Sono suggestionato dall’ipotesi che la condotta quotidiana nella quale si mantiene Pontormo, la sua attenzione alla dieta, agli orari, alla regola del giornaliero solitario meditare e operare nell’assoluto silenzio, dipenda dal lungo soggiorno tra i certosini del Galluzzo. Abbia, per lo meno, tenuta quella norma di vita ad esempio. Considerato da questa angolatura risulta illuminante il Diario relativo agli anni dal 1554 al 1556, gli ultimi tre della sua vita, «fatto nel tempo che dipingeva il coro di San Lorenzo» (vi stava lavorando dal 1546).

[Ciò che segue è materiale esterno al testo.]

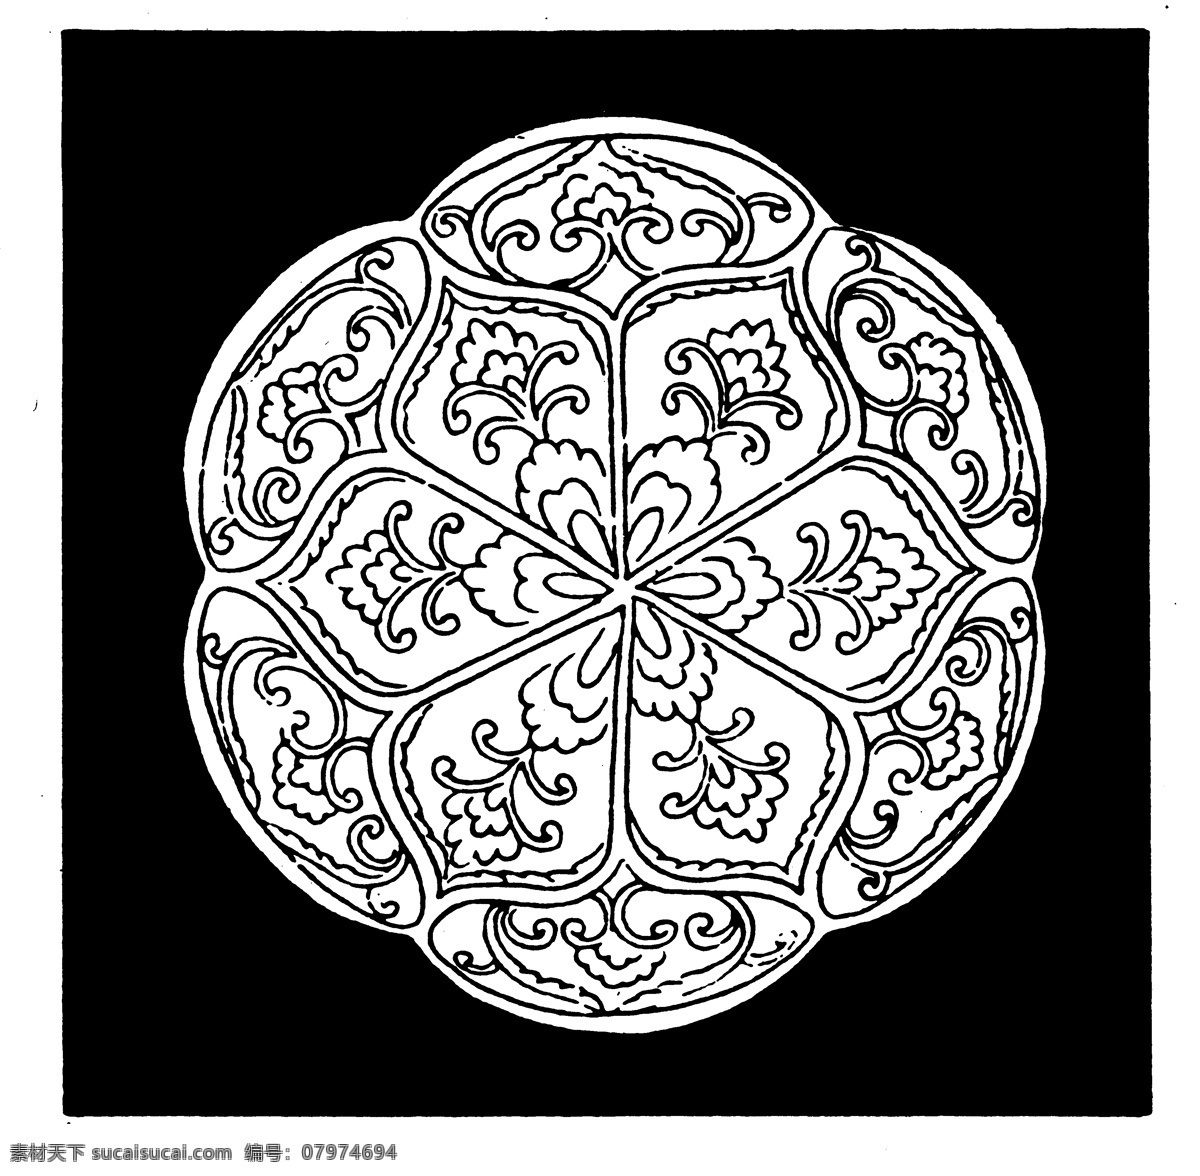 古代器物图案 隋唐五代图案 中国 传统 图案 设计素材 器物图案 装饰图案 书画美术 黑色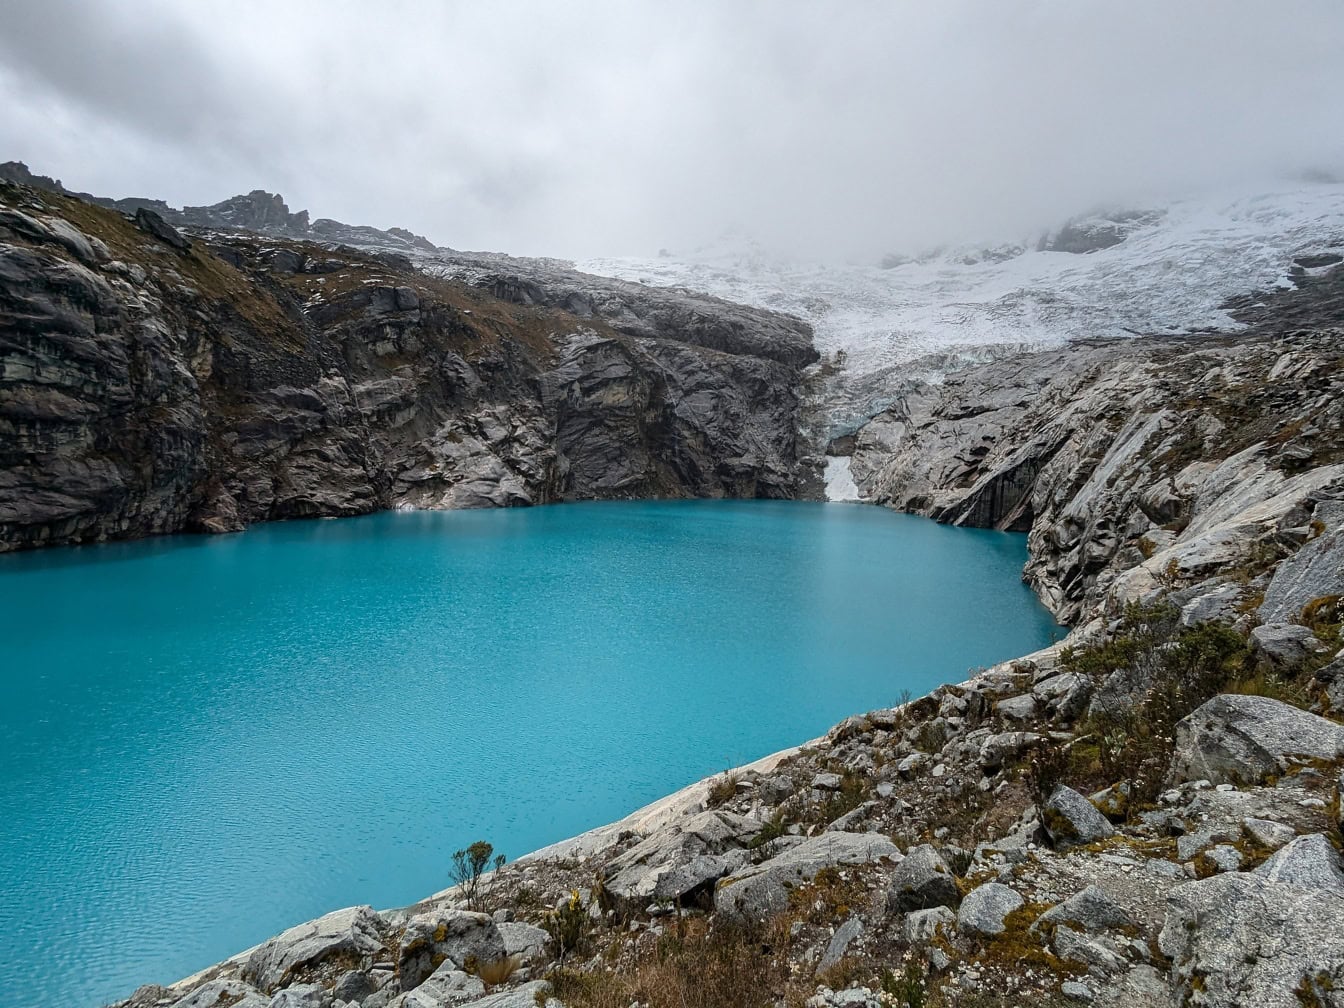 Culoarea albastră turcoaz a lacului 513 la poalele muntelui Nevado Hualcan din parcul național Huascaran din Peru

Ne trascrivo poche righe: «Martedì e mercoledì feci quel vechio, e ’l braccio suo che sta così. Adì 15 di marzo cominciai quello braccio che tiene la coregia in testa, che fu in venerdì, e la sera cenai uno pesce d’uovo, cacio, fichi e noce e once 11 di pane. Mercoledì feci quello resto del putto e ebi disagio a quello stare chinato tucto dì, in modo che mi dolse giovedì le rene». Tucto dì ad affrescare dando figura ai suoi pensieri nell’eremo che Pontormo si è costruito. Scrive Vasari: «avendo egli adunque con muri, assiti e tende turata quella cappella e datosi tutto alla solitudine, la tenne per ispazio d’undici anni in modo serrata che da lui in fuori mai non vi entrò anima vivente, né amici né nessuno».